Artwork details

4.24 light years away
Acrylic and ink on bedsheet
289,56 x 205,74 cm
Rodney McMillian

Courtesy of the artist and Susanne Vielmetter Los Angeles Projects.


4.24 light years away, 2016
Rodney McMillian is one of several artists in this exhibition who explore oppression and racism from the point of view of an African American background. These works come from the series Landscape Paintings, where McMillian reinterprets the landscape paintings of the Hudson River school, which in his view present a romantic account of Western expansion in the 1800s. The landscapes represent nature as being untouched, without what McMillian refers to as “bodies and blood”. Today we know that these “untouched” landscapes were the scenes of violent conflicts, where the indigenous people were persecuted and killed by the colonists.

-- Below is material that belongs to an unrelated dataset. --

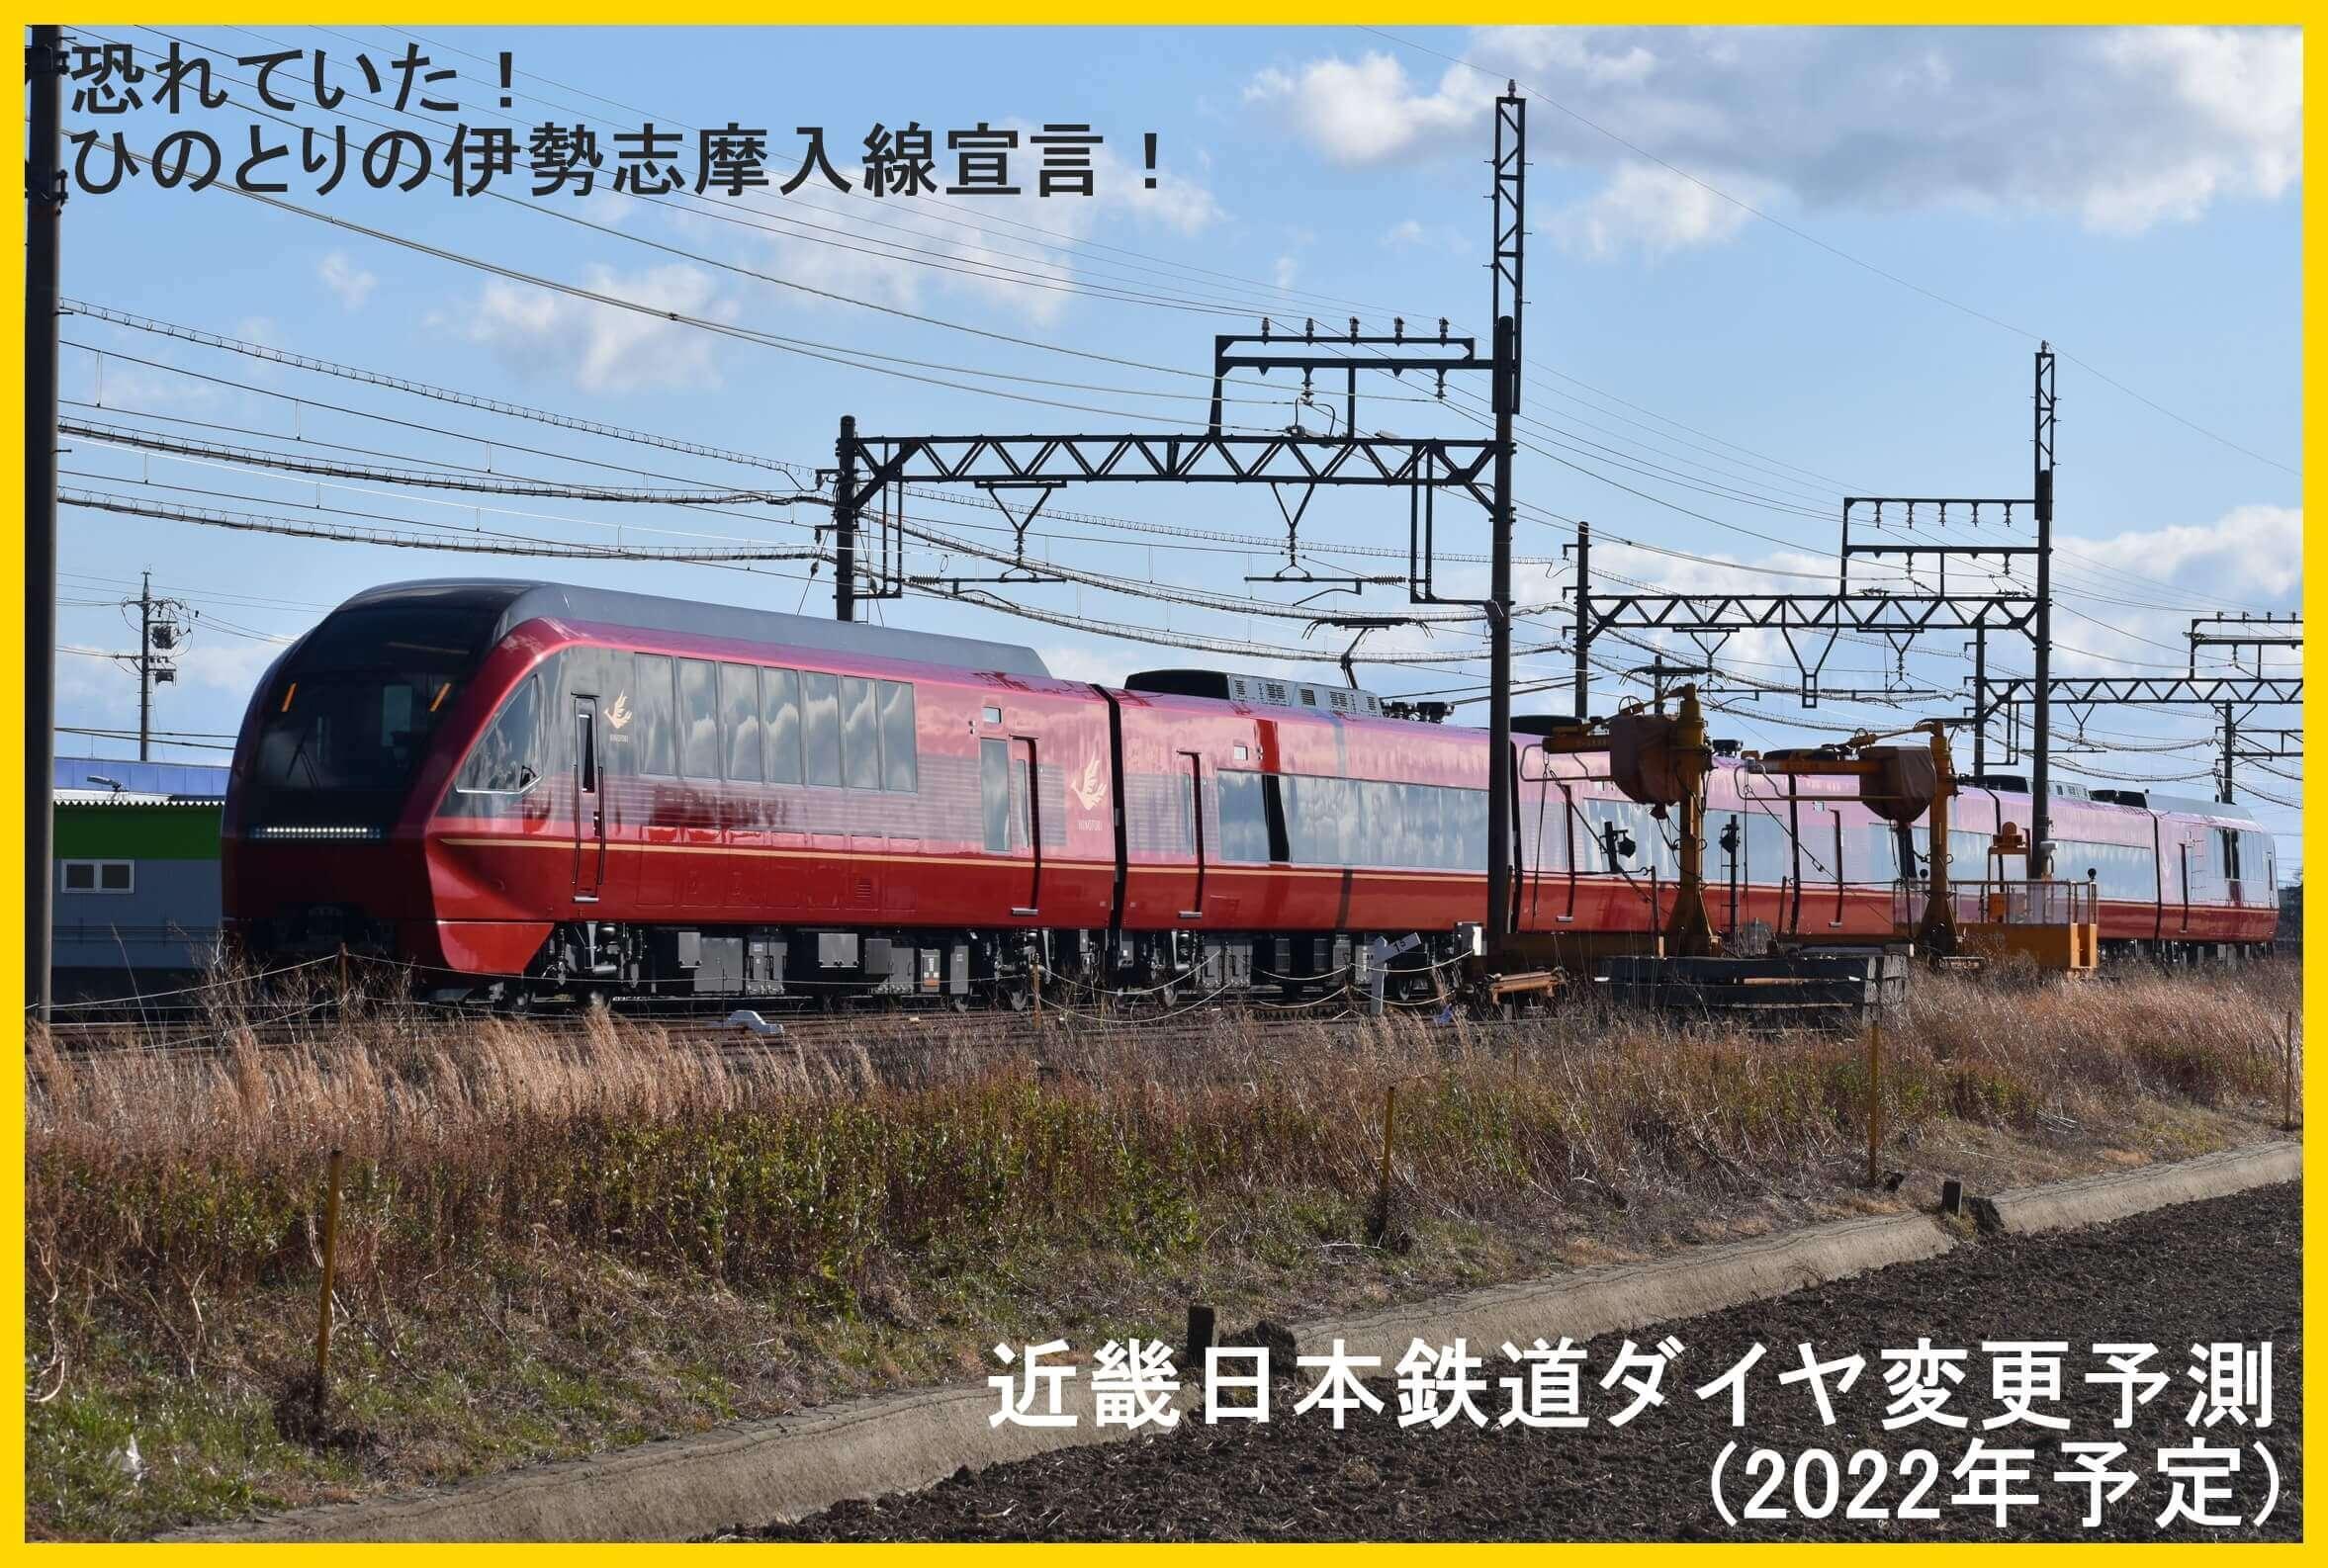 恐れていた!ひのとりの伊勢志摩入線宣言! 近畿日本鉄道ダイヤ変更予測(2022年予定)
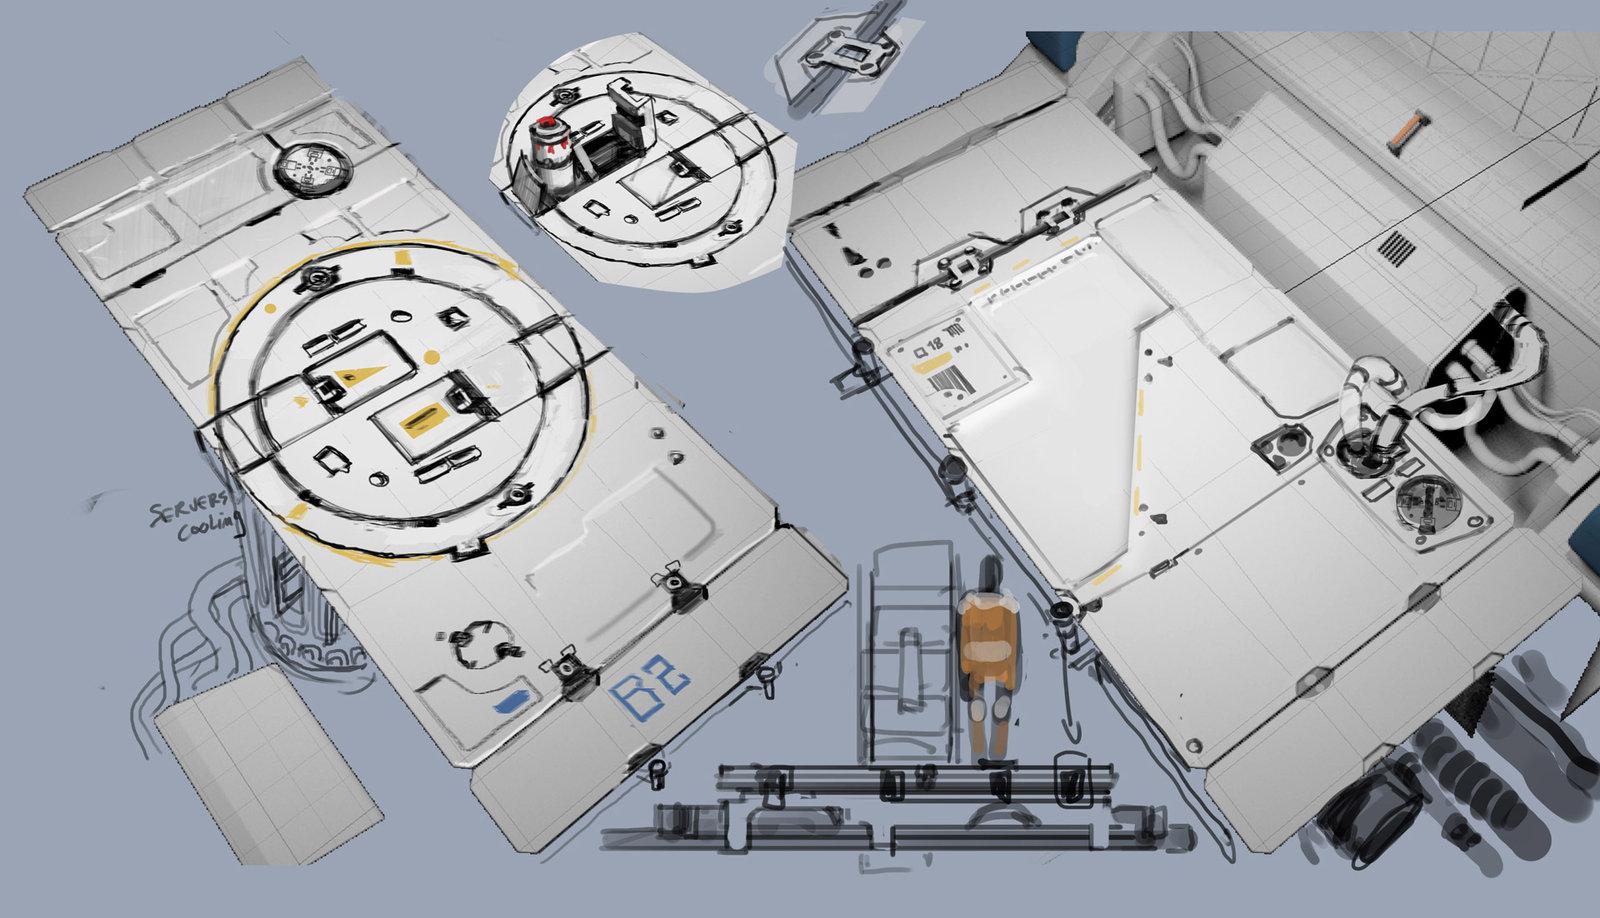 Exoplanet Station Design 02

In an ongoing series of paintings, called Wildseedling, McMillian brings the bodies into the landscape at a metaphorical level through works in which previously used bed sheets, which bear the traces of a corporeal and intimate sphere, are painted with impasto brushstrokes in layers that suggest flesh and blood.

The motifs symbolise a fragmentary body that is a painterly abstraction of body parts and bodily fluids. Thus he both deconstructs and further develops the art historic representation of the body by focussing on the violent dimension of flesh and blood. Several of the titles, such as 4.24 light years away, refer to the idea of an intergalactic sphere, and were inspired by the Afrofuturist texts of Octavia Butler and Samuel R. Delaney, who describe alternative life forms and galaxies as a means of escaping from the Western power to define the African American body. The title, Wildseedling, is taken from Butler’s novel Wild Seed (1980) which describes two persons of African origin with supernatural powers that can escape their own bodies by transforming into animals or other people.